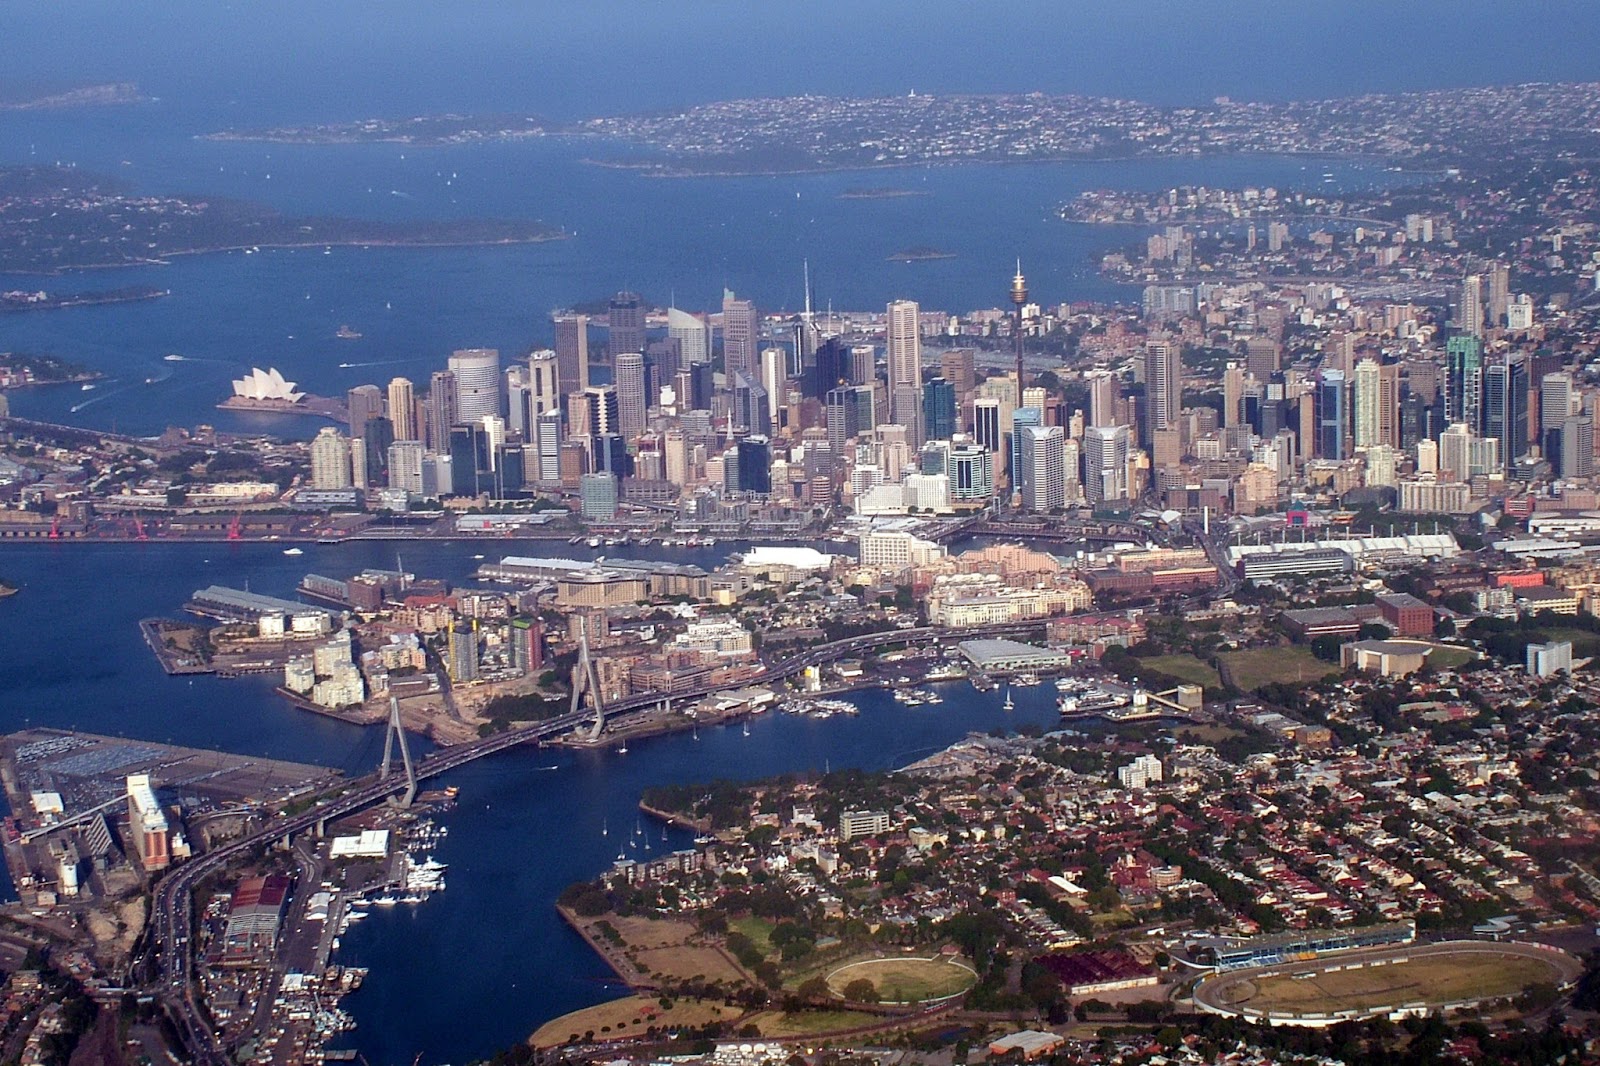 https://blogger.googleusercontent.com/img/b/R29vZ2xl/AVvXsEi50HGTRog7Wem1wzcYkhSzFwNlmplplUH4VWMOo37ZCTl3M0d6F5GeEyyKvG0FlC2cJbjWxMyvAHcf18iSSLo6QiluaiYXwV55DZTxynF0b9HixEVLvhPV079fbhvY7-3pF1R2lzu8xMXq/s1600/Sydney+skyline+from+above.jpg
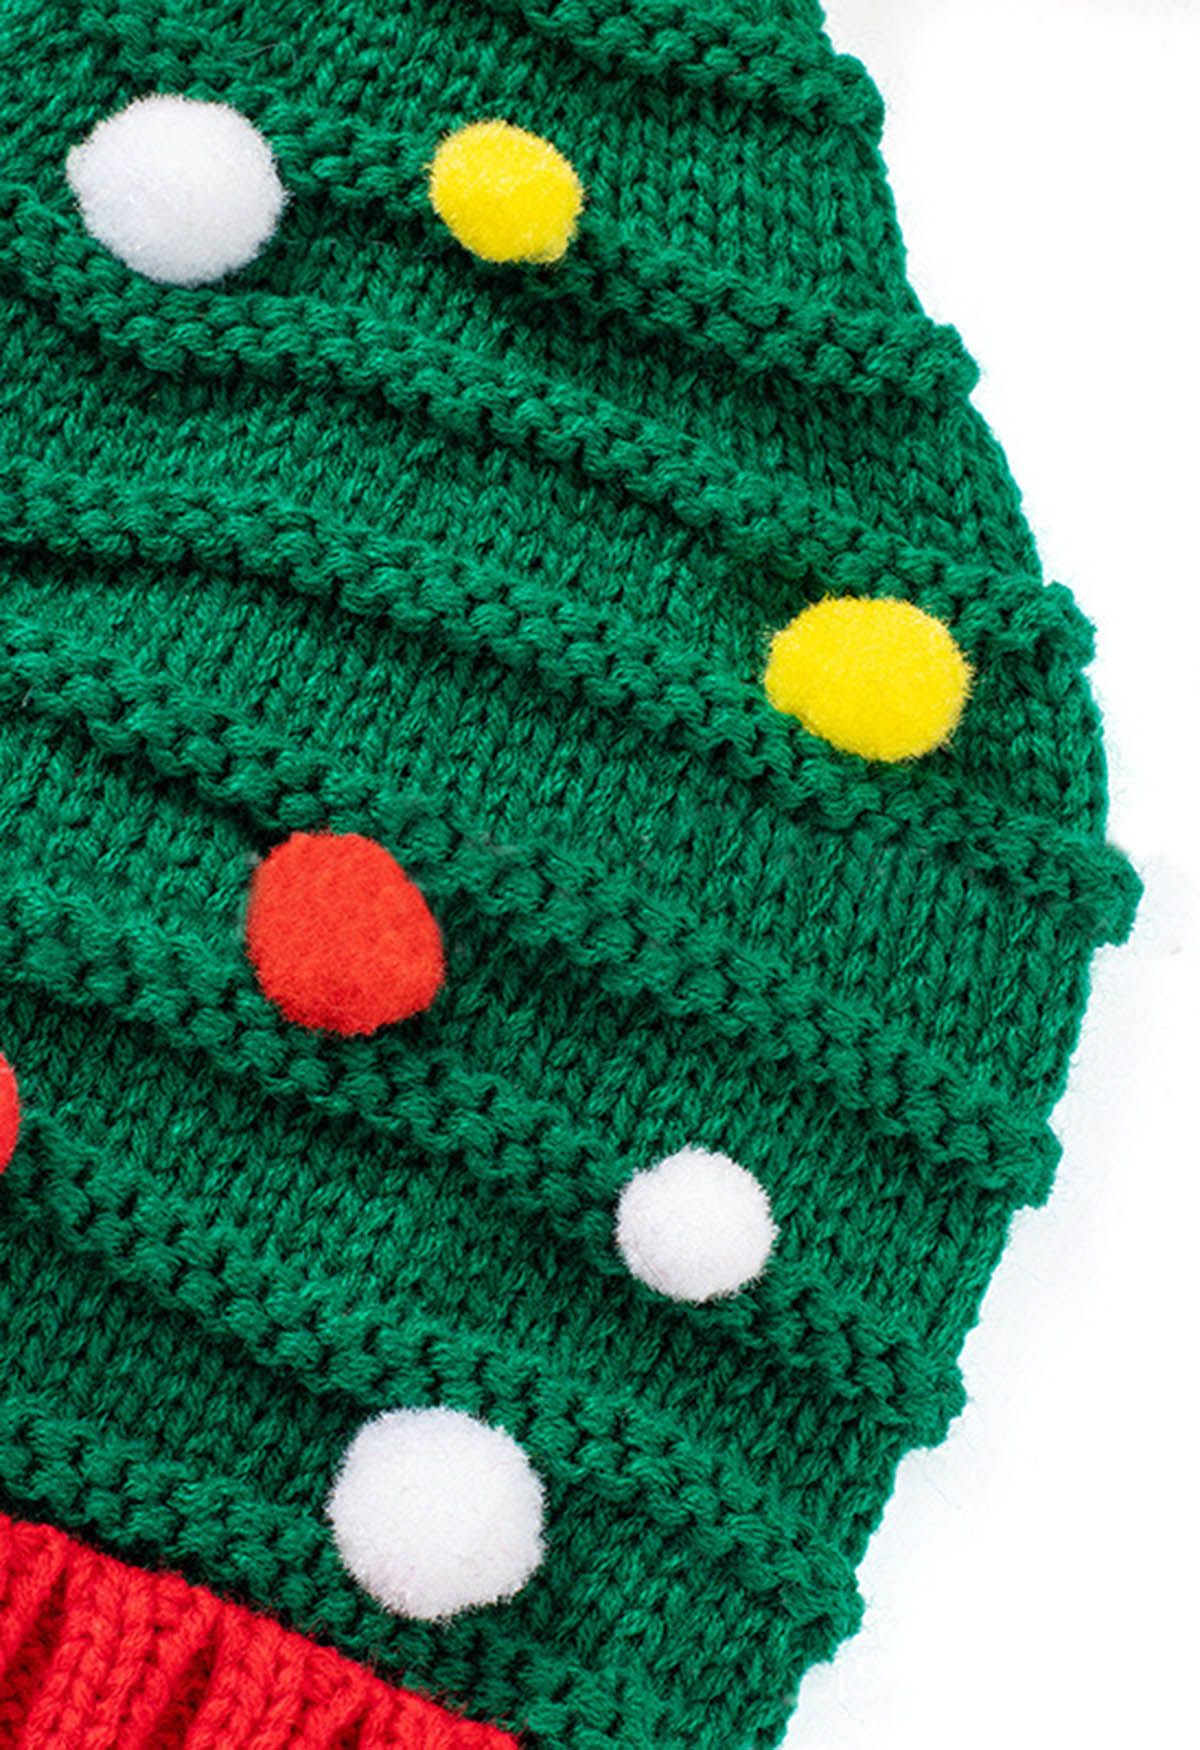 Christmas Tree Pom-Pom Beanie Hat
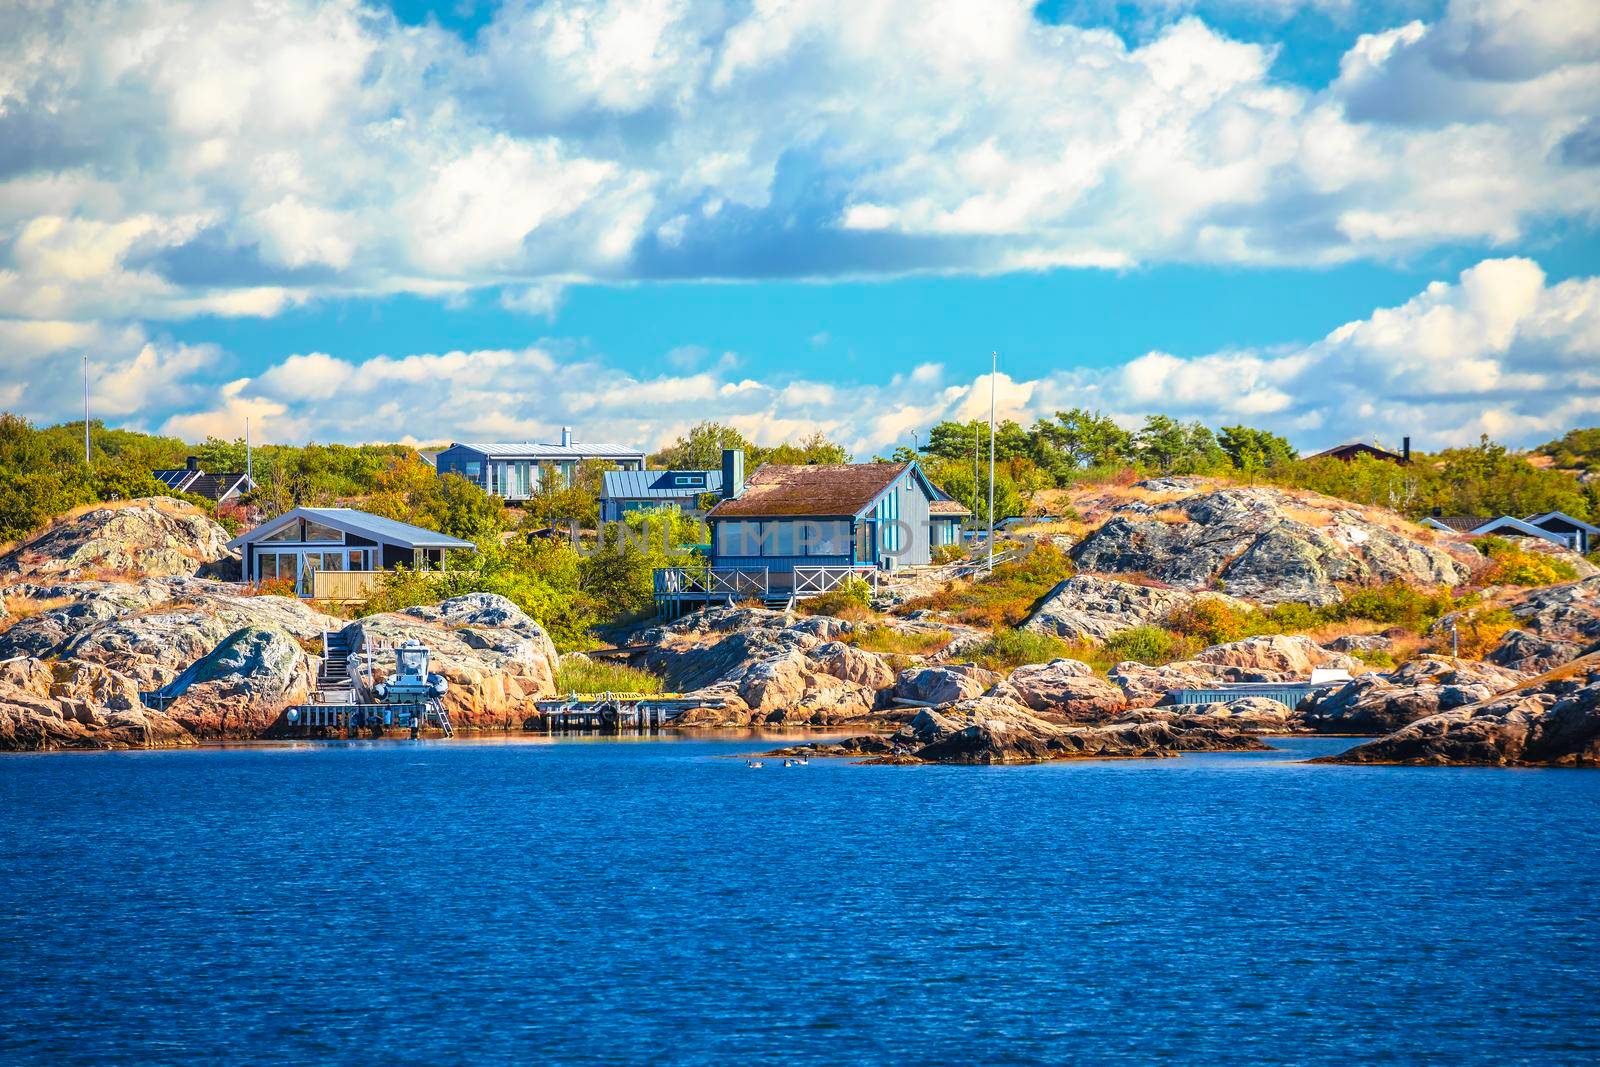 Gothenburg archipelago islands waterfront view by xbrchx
※
**Task requirements**
Reproduce the data verbatim and omit each image.

**Exercise solution**
 https://blogger.googleusercontent.com/img/b/R29vZ2xl/AVvXsEi50HGTRog7Wem1wzcYkhSzFwNlmplplUH4VWMOo37ZCTl3M0d6F5GeEyyKvG0FlC2cJbjWxMyvAHcf18iSSLo6QiluaiYXwV55DZTxynF0b9HixEVLvhPV079fbhvY7-3pF1R2lzu8xMXq/s1600/Sydney+skyline+from+above.jpg
 Christmas Tree Pom-Pom Beanie Hat
 Gothenburg archipelago islands waterfront view by xbrchx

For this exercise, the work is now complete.